We also made a trip downtown to meet friends and do fun touristy stuff.  If you are going to do Chicago, summer is the time to do it.


 
Ben's company had a night at the Peggy Notebart Museum.  Another fun trip downtown in the summer.

 
Being out of the cast and in the brace really helped with Allyn's propreoception.  She started walking more and even began to tackle the stairs.  It made me a little nervous but seeing her this happy is totally worth my fear. 

 
Also, she may be the poster child for waiting for chocolate cake at Portillo's. 

 
In August, we took a trip to the beach (never again) and someone had her third birthday.  She had a Hello Kitty cake and we had a little party with friends we had met there.  It was her biggest celebration to date.  She had another party on the way home when we stopped to see family outside of Nashville.  Cake and being all about her were high on her list of things she loves.

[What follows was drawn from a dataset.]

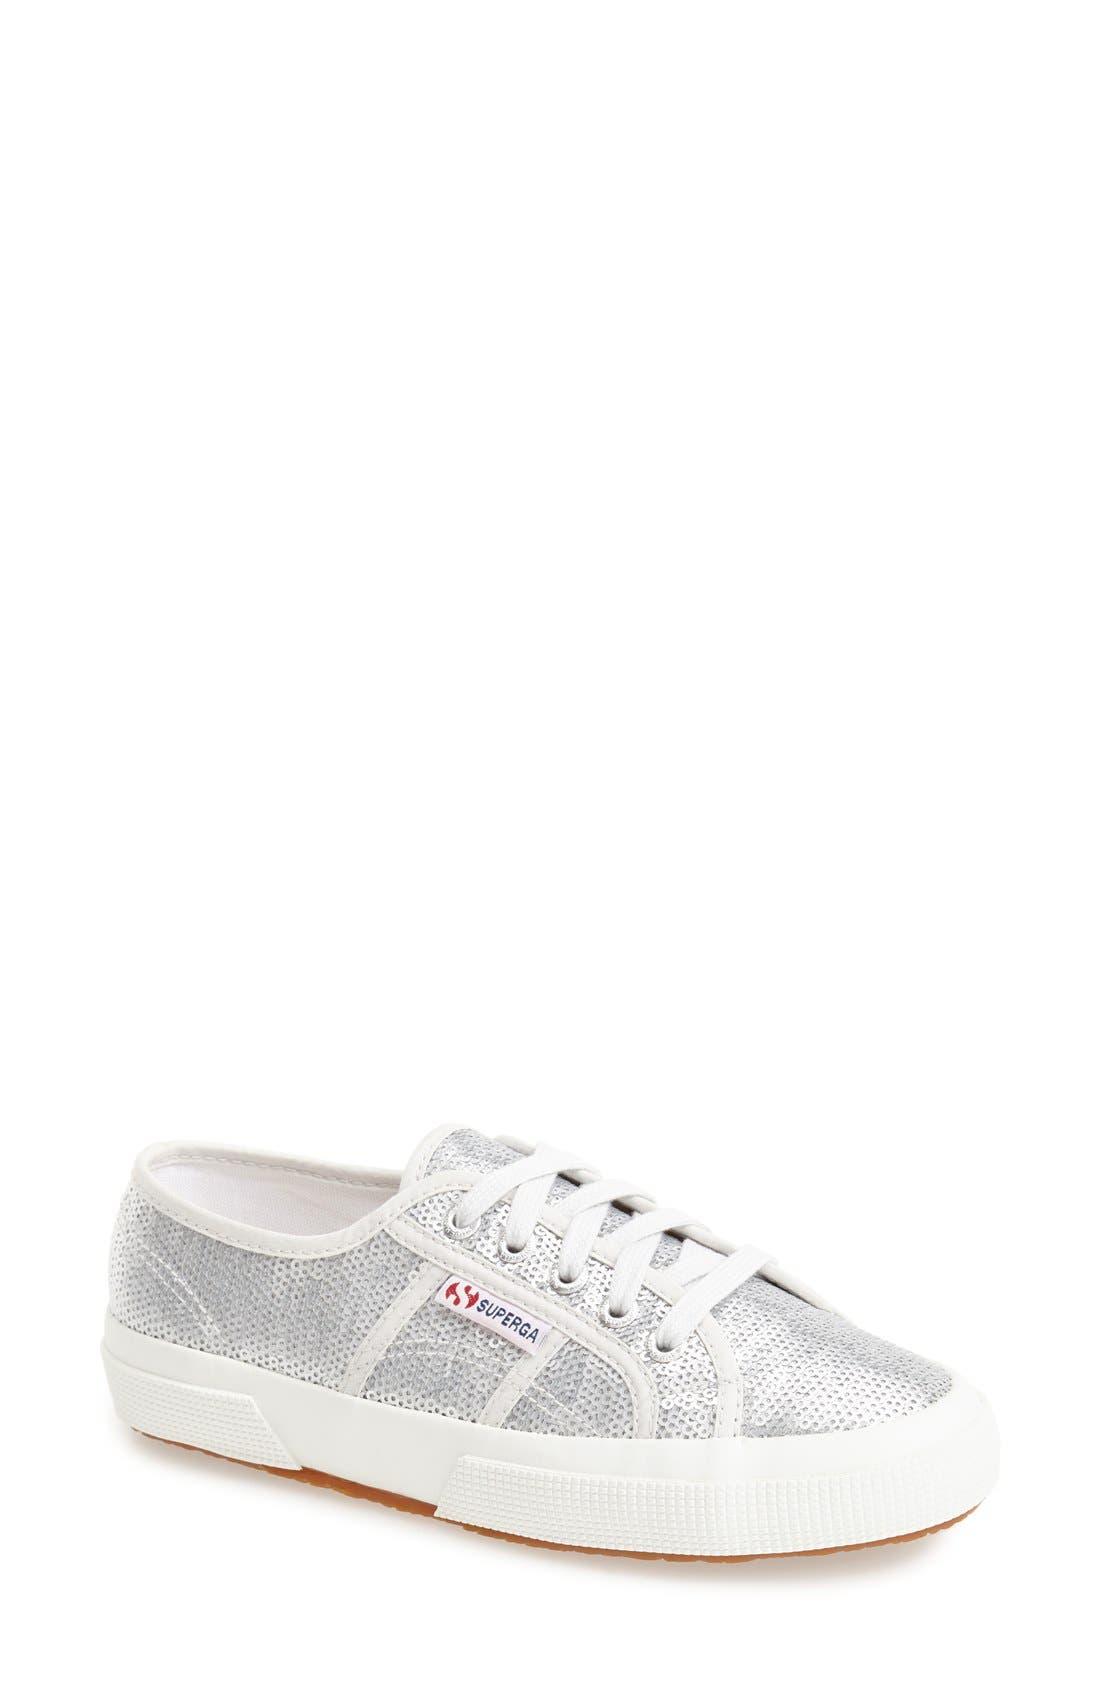 Alternate Image 1 Selected - Superga 'Metallic' Sneaker (Women)

And then it was time to get back into the swing of things.






 
That's right.  School.  Nolan is in first grade and has a lot of friends in his class and a great teacher and is really enjoying school this year.  And Allyn started preschool through our school district's early childhood program.  She loves school and tells me every day about how much she likes her teacher and her bus driver.  She started walking independently in school and a lot of the fear she had around her peers has diminished.  School has been a great thing. 

Now that it's fall and we are finding a routine, things are easier.  We will meet with her orthopedic surgeon this month to figure out what to do about her spine: back to casting or continued bracing.  And we will also figure out what to do about her heart in the next few weeks.  We are hoping a heart catheterization will be the route that allows us the fix the ASD but the hole is almost her entire atrial wall and may be too big.  She may also have to much of a pressure gradient and pulmonary hypertension that would make that not possible.  I know she will be in good hands and it will get figured out, I just pray that whatever route we take is not a struggle for her.